If what I read is true, that he is actually preparing for 2019, then his handlers should advise him against such a wrong step because there is no path to victory. The political situation has changed since 2011, as evident in 2015.  And now that he has joined the All Progressives Party, APC, he appears to be borrowing a leaf from PMB who contested many times before he won, thinking that he too can win this time. However, Chief Ogboru must know that all politics is local, and that he is not Buhari. Moreso, he has to know that Buhari won in 2015 because it was the turn of the North, and Jonathan was seen as more of an opportunist trying to usurp the Northern people’s chance trying to usurp the turn of Delta North.

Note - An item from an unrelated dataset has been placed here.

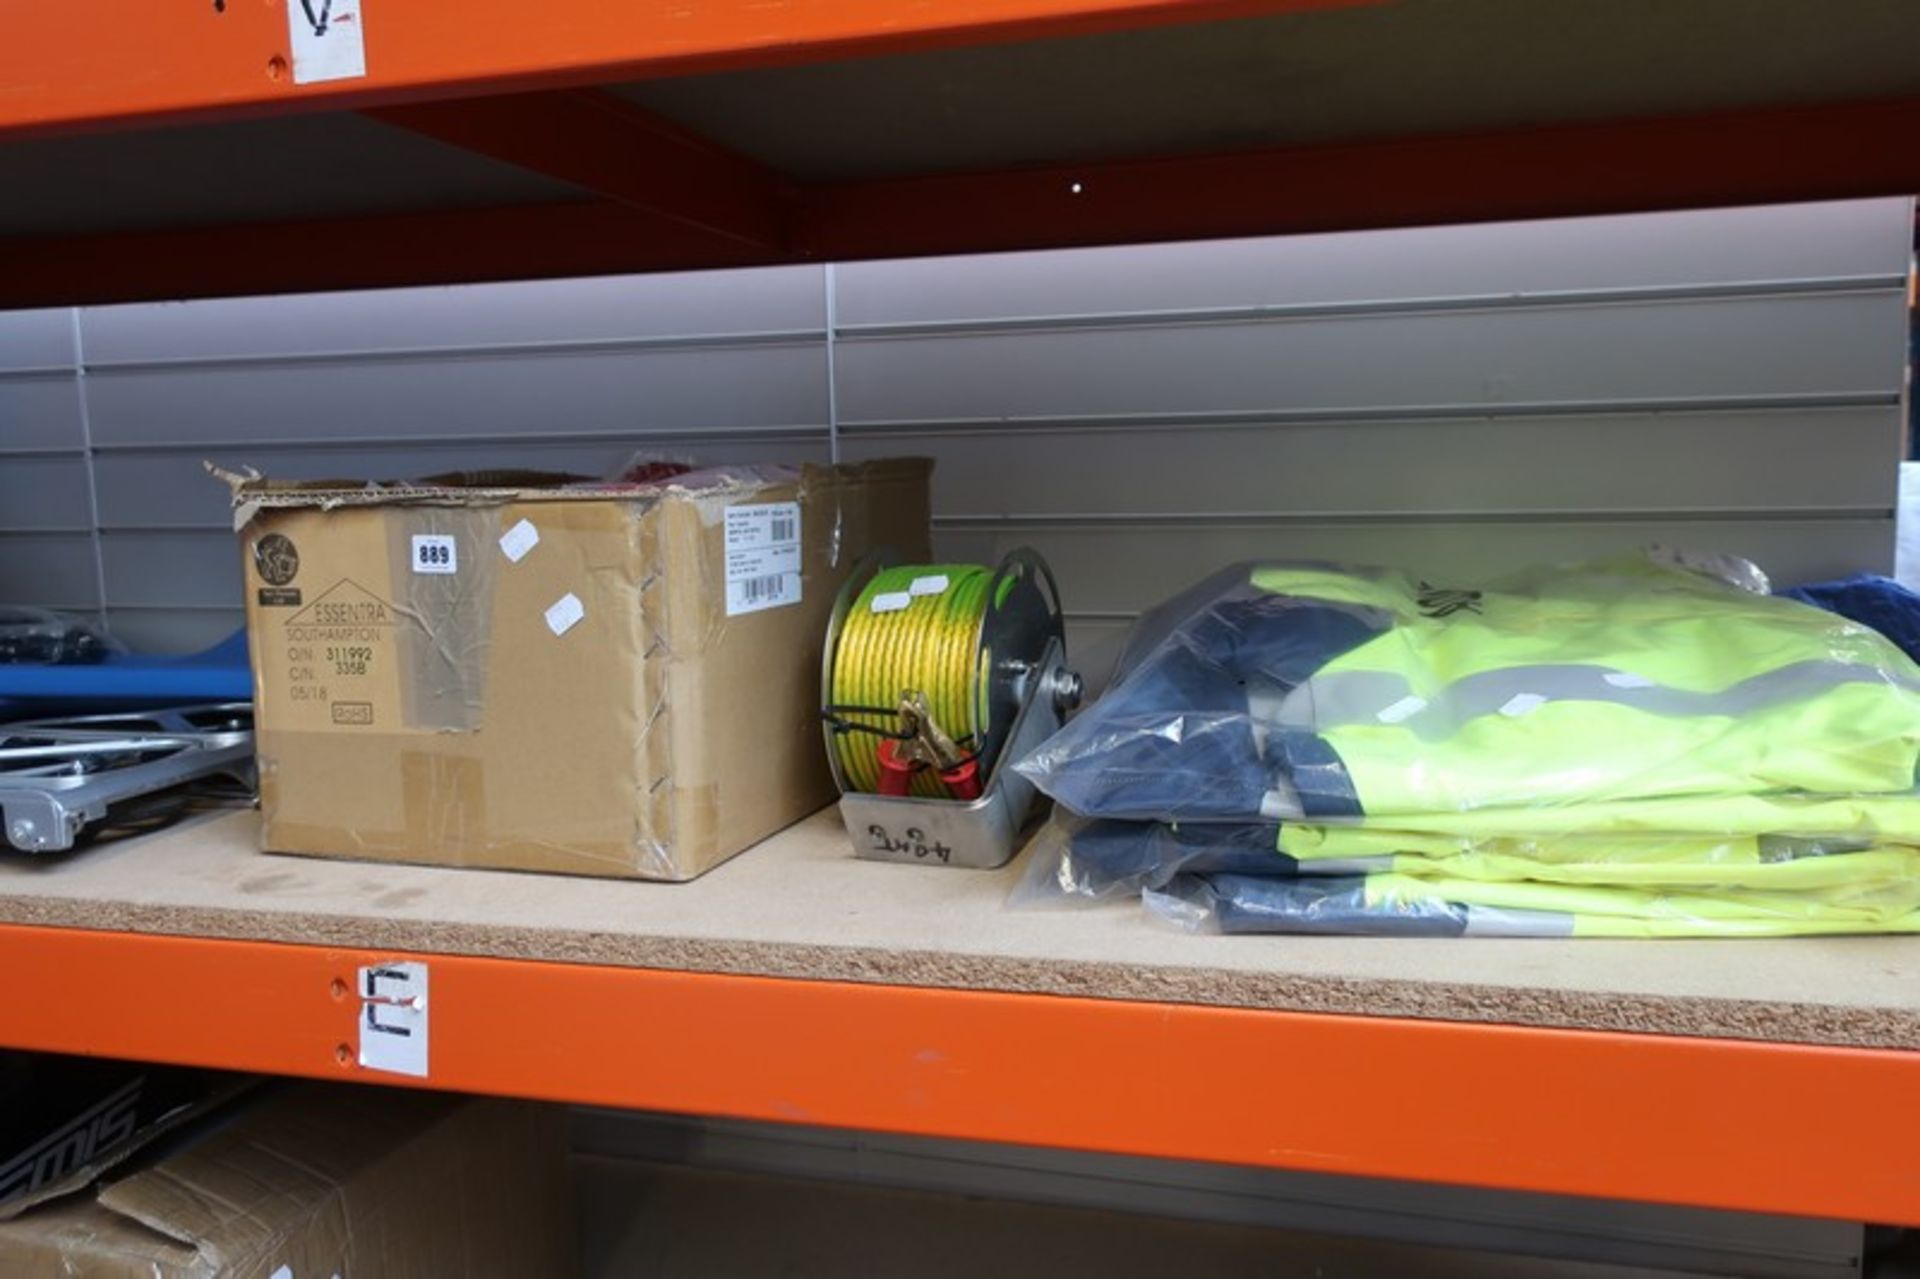 A Mac car sledge, high vis jackets, cable ties and cable reel.

For equity sake, I will strongly advise him to invest the goodwill of his followers in supporting a Delta North candidate this time around. The return on such investment would be very high. And if by 2023, he still wishes to run; his bargaining power could be very huge when it is the turn of Delta Central. But should he decide not to run, it will be written in history that he sacrificed to join the ultimate charge that freed the people of Delta State from political bondage.

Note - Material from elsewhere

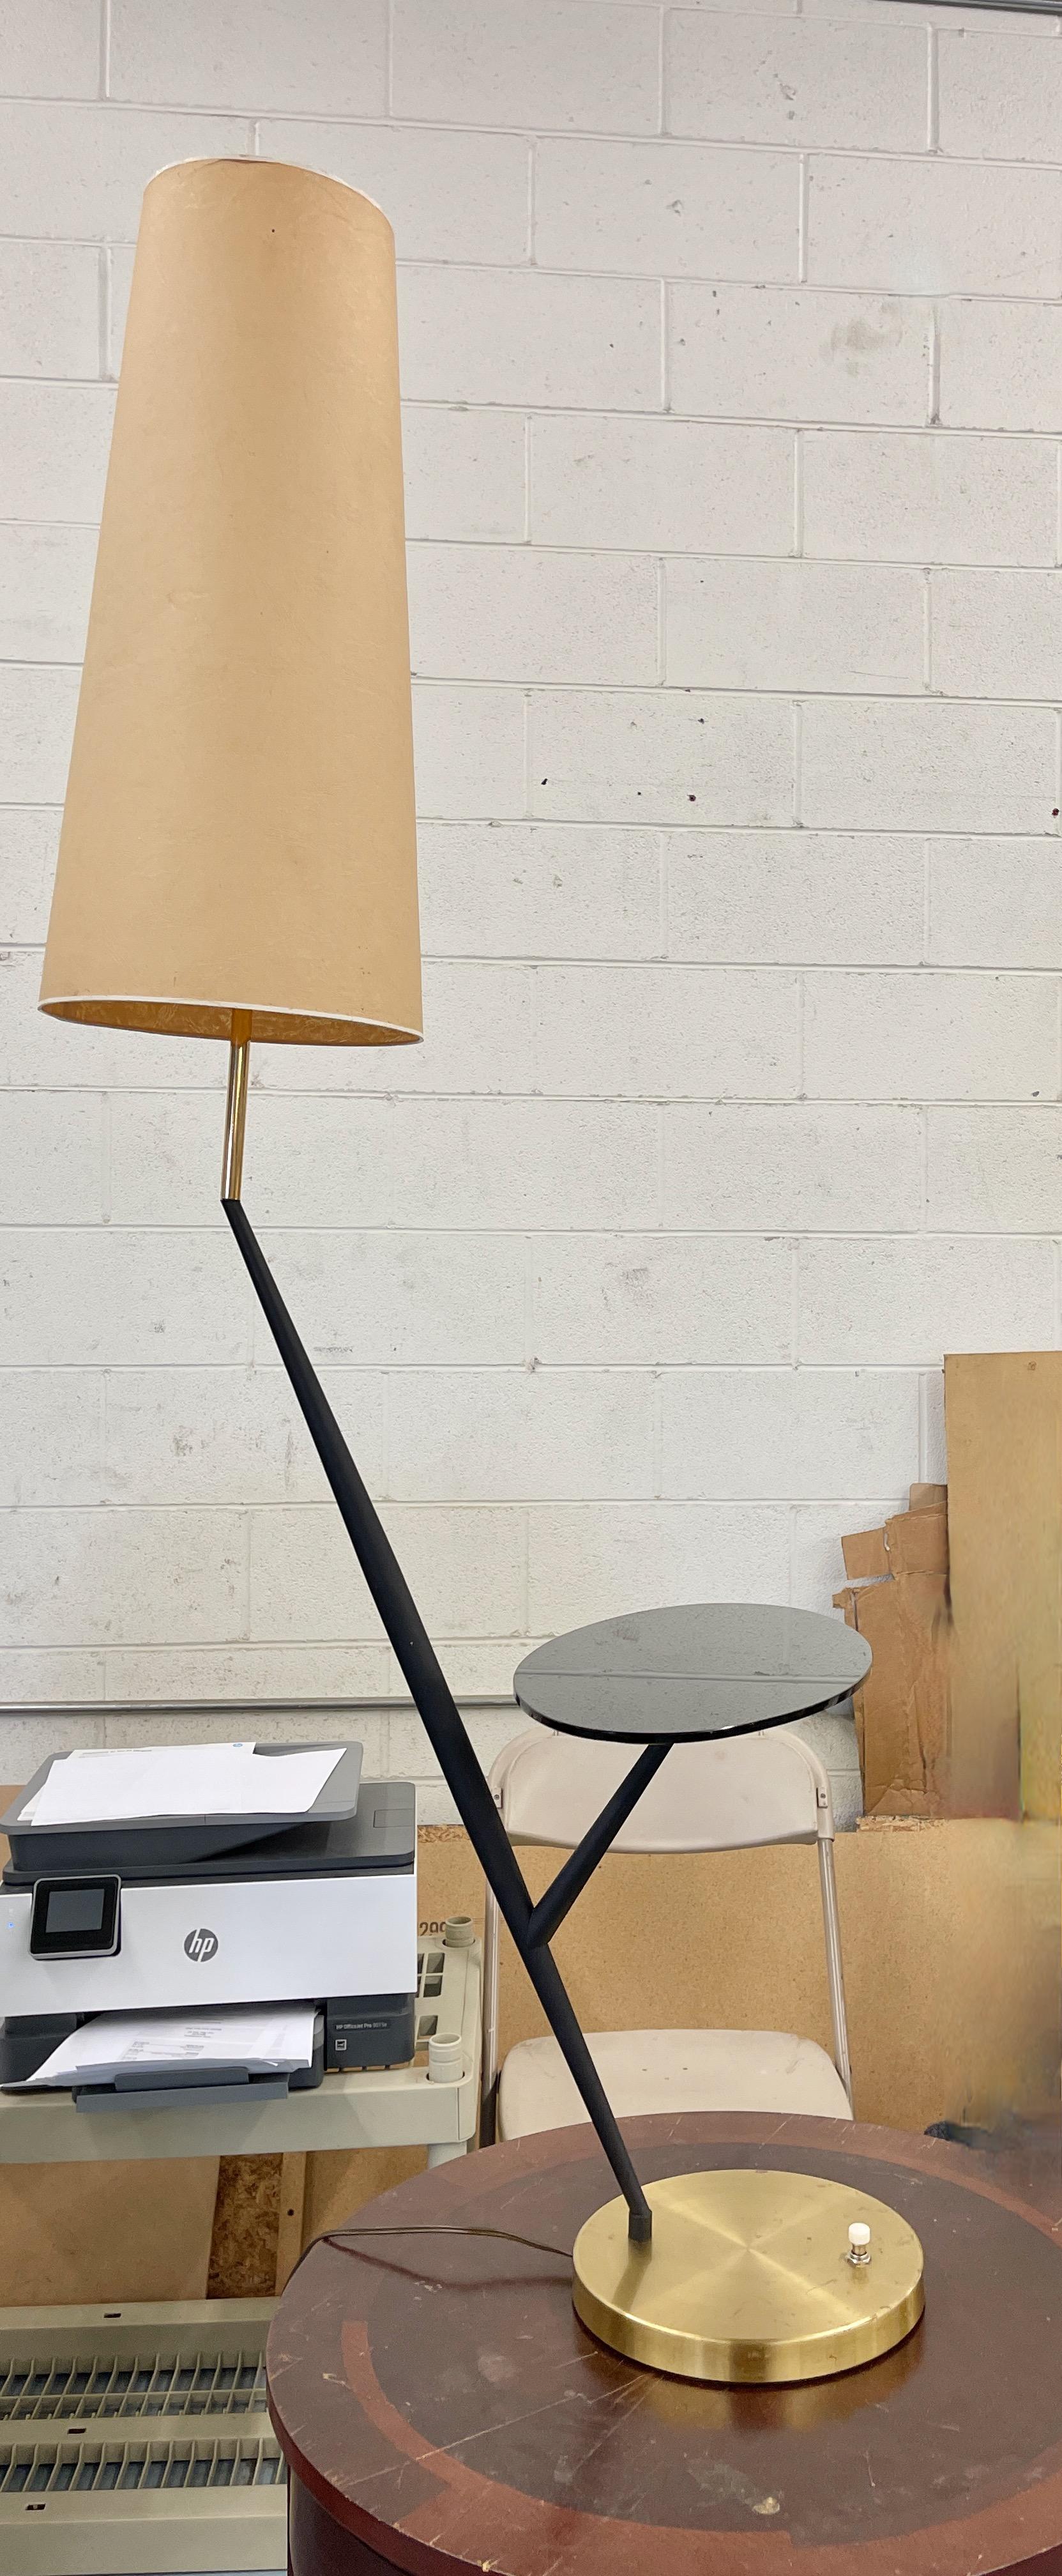 French early 1960’s sculptural floor (or table) lamp with a sculptural matte black elongated double tapered metal stem cocked at ~75 degree angle and having an 8 inch attenuated branch supporting an elliptical oval plateau of polished black

Also, many Urhobos may be concerned that should another Anioma indigene win the governorship on the platform of the APC, will the new governor respect the standing gentlemanly agreement to serve for one term? This question has been raised by not a few people, especially Urhobo, who feel that they may be short-changed by any digression. It is a legitimate concern given the high level of distrust in Nigeria’s politics. However, what I believe and can foresee is that if by 2023 the Anioma governor chooses, contrary to the agreed rotation to re-contest, the politics of fair play which gave Anioma the governor will remove him/her from office as the other zones will definitely kick against it, and will support Delta Central. Such betrayal can never stand, and because in my view Delta State needs to be freed, such a concern isn’t enough reason to cut Delta North’s tenure to only one. That is not equity; and that will be unfair to Chief Ogboru’s mother’s people too. But more importantly it would doom APC’s efforts to takeover Delta State.

At 60 years, Chief Great Ovedje Ogboru should bother more about his legacy, the wellbeing of the Delta State he would wish to live to see, as well as strengthening the next generation; instead of pursuing personal gains which might be more egoistic than fulfilling.

The People’s General should stand out as a Field Marshal and kingmaker, especially in 2019 when the odds are not in his favour.